Mélenchon semble avoir bien compris que le vrai problème de la France et de l'Europe n'est pas la droite, Sarkozy, Cameron, Rajoy ou feu Berlusconi.

Le vrai problème de la France et de l'Europe vient de ce que l'opposition socialiste, social-démocrate, réformiste (sous quelque vocable par laquelle elle est désignée depuis 1920) ne joue pas son rôle et ne s'acquitte pas de ses obligations démocratiques au sens fort du mot.

Arriver au pouvoir pour reconduire (avec une cosmétique lexicologique de gauche) la même politique rejetée par les peuples (par l'«opinion», ou la «population», pour reprendre le jargon que les politiques d'aujourd'hui empruntent aux sondeurs) est in fine un piège redoutable et un cul-de-sac politique. Adopter une telle stratégie c'est tromper les électeurs et dégrader le principe démocratique. C'est aussi aller vers l'échec à coup sûr.

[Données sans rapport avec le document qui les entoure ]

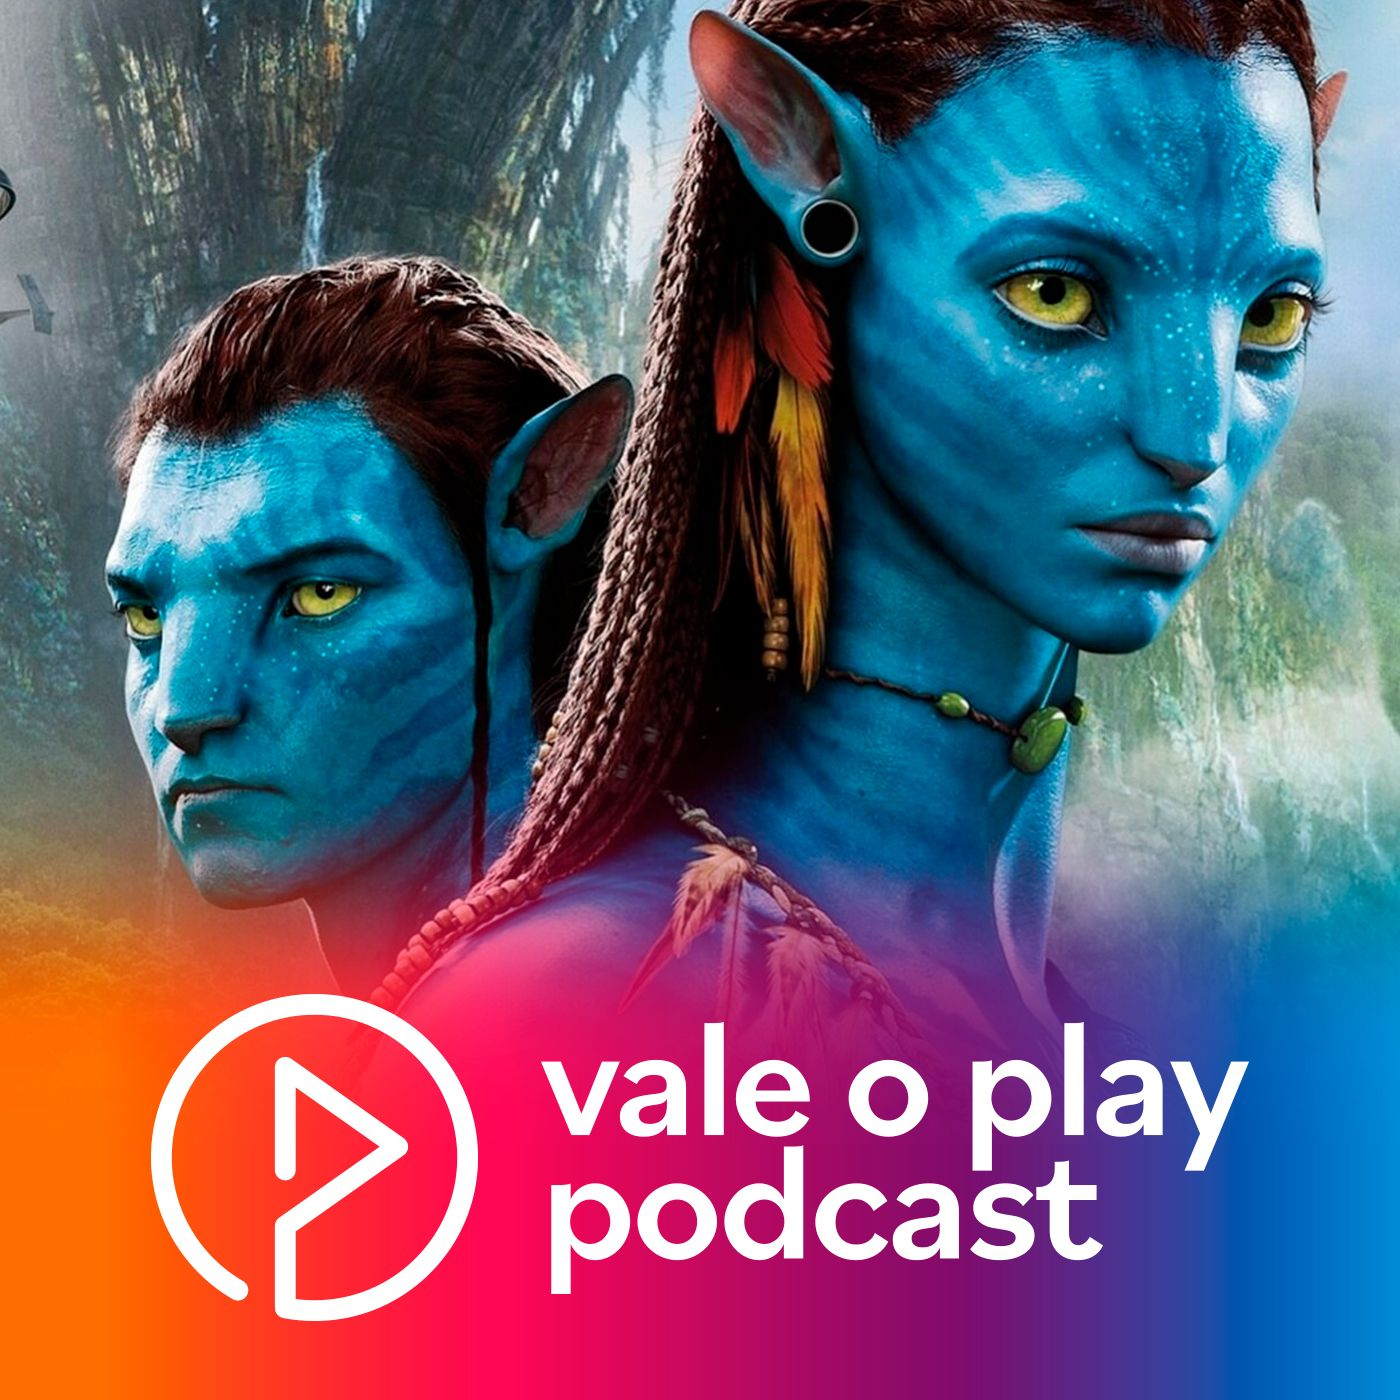 Vale o Play? | Avatar: O Caminho da Água

C'est le sort qui a été réservé aux gouvernements socialistes italiens (avant le retour de Berlusconi), à un Papandréou maintes fois humilié, aux travaillistes britanniques de Blair et de Brown, à Zapatero (voire, dans un contexte différent, aux démocrates Clinton et Obama) et après-demain peut-être à François Hollande s'il parvient à chasser Sarkozy de l'Elysée, ce qui n'est pas encore assuré, les socialistes ont raison sur ce point de se méfier des victoires médiatiques et de ne pas confondre sondages et bulletins de vote. «Les sondages sont toujours favorables à ceux qui les paient» susurrait le «florentin» François Mitterrand.

La portée et les enjeux de l'éventuel succès électoral du Front de Gauche, dépassent le simple scrutin français. La crise financière, économique et sociale touche toute l'Europe, en particulier l'Euroland et menace désormais la France dans ses équilibres (commerciaux, budgétaires, financiers, sociaux).

Toute l'Europe des politiques, des banquiers, des financiers, des experts observent avec attention le déroulement de la campagne française et s'interrogent (sans le montrer) sur les conséquences d'un scrutin qui enverrait au pouvoir, à l'Elysée et au Palais Bourbon, un gouvernement sous une forte pression d'un Front de Gauche, très explicitement communiste, que l'on présumait, après 1991 et la «fin de l'histoire», avoir renvoyé définitivement au musée des «tératologies historiques». Les peuples européens suivent aussi avec intérêt l'évolution du paysage français. Beaucoup d'entre eux ont été privés de voix : ni les Grecs, ni les Italiens n'ont été consultés sur les politiques qui leur ont imposé l'austérité, la récession, les coupes sévères dans les budgets sociaux, la hausse du chômage et les pertes de pouvoir d'achat pour le plus grand nombre, notamment les titulaires de revenus fixes et qui ne disposent d'un pouvoir de négociation limité.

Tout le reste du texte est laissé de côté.